1) Find a basis of R^4 that contains the vectors [ 1 2 3 4 ] and [ 0 1 0 1].
Note, they are both column vectors but I do not know how to orient them on this site.
let e_1 and e_2 be the 2 vectors you gave.

obviously e_1 and e_2 are lin. indep, so it's possible...just take orthogonal vectors to the previous ones.

But you could just use : e_3=[1 0 0 0] and e_4=[0 0 1 0]...it's obvious that e_1,e_2,e_3 are pairwise orthogonal, hence lin. indep.....combining e_2,e_3,e_4 as you want will give you always a vector of the type [c b d b] hence you cannot express e_1 as a combintation of the others, so the e_i are lin. indep....clearly it's a generating subset of R^4...so it's a basis.
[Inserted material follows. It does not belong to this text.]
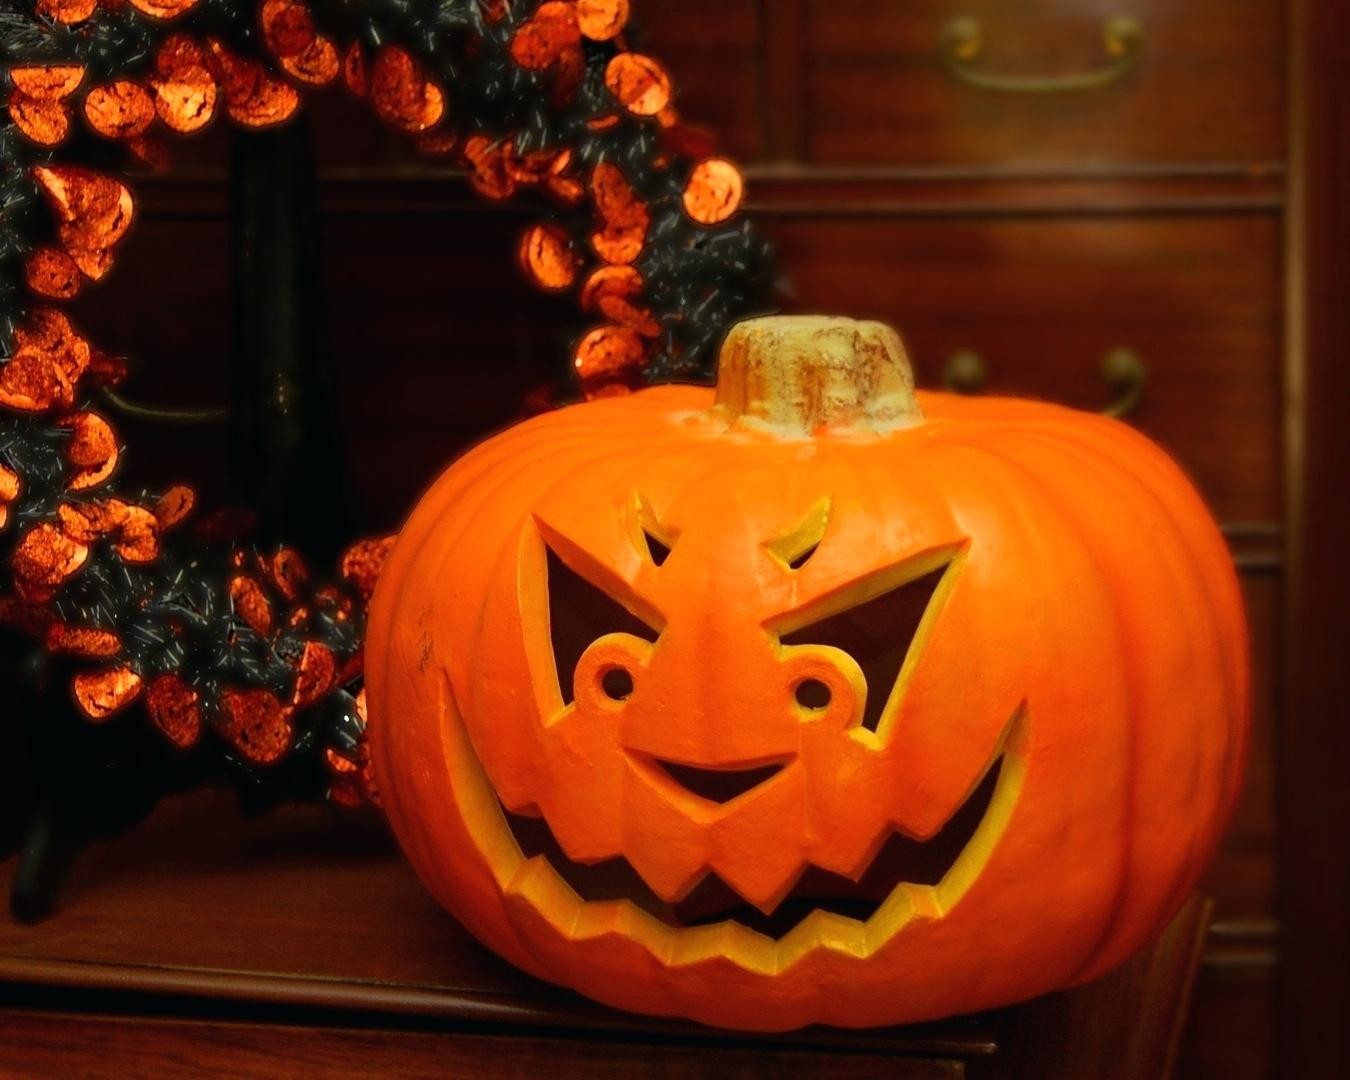 Decoration Cool Pumpkin Carving Ideas Pictures Free Patterns

2) Find a non linear function f : R^2 ---- > R^2
that still satisfies,
f(rv) = rf(v) for all r and all v.
if f is a function on R^2, then f is a function of 2 variables : f=f(x,y)...you gave only 1 variable for the condition on f.


3) I think it's clear that applying a permutation matrix on an n vector a=[a1...an] corresponds to a permutation of the elements of the vector ?

b=M1*a

Apply a second permutation matrice on b : c=M2*b since c is permutation of b and b a permutation of a, then since the permuation are building a group, c is a permutation of a..hence there exists a permutation matrix M3 such that
c=M3*a...but from above c=M2*M1*a....for all a...then M3=M2*M1...

(This is not a good proof but I cannot think of a brute force computation of direct multipl of two perm. matrices defined as having a 1, and only 1, in every row and column)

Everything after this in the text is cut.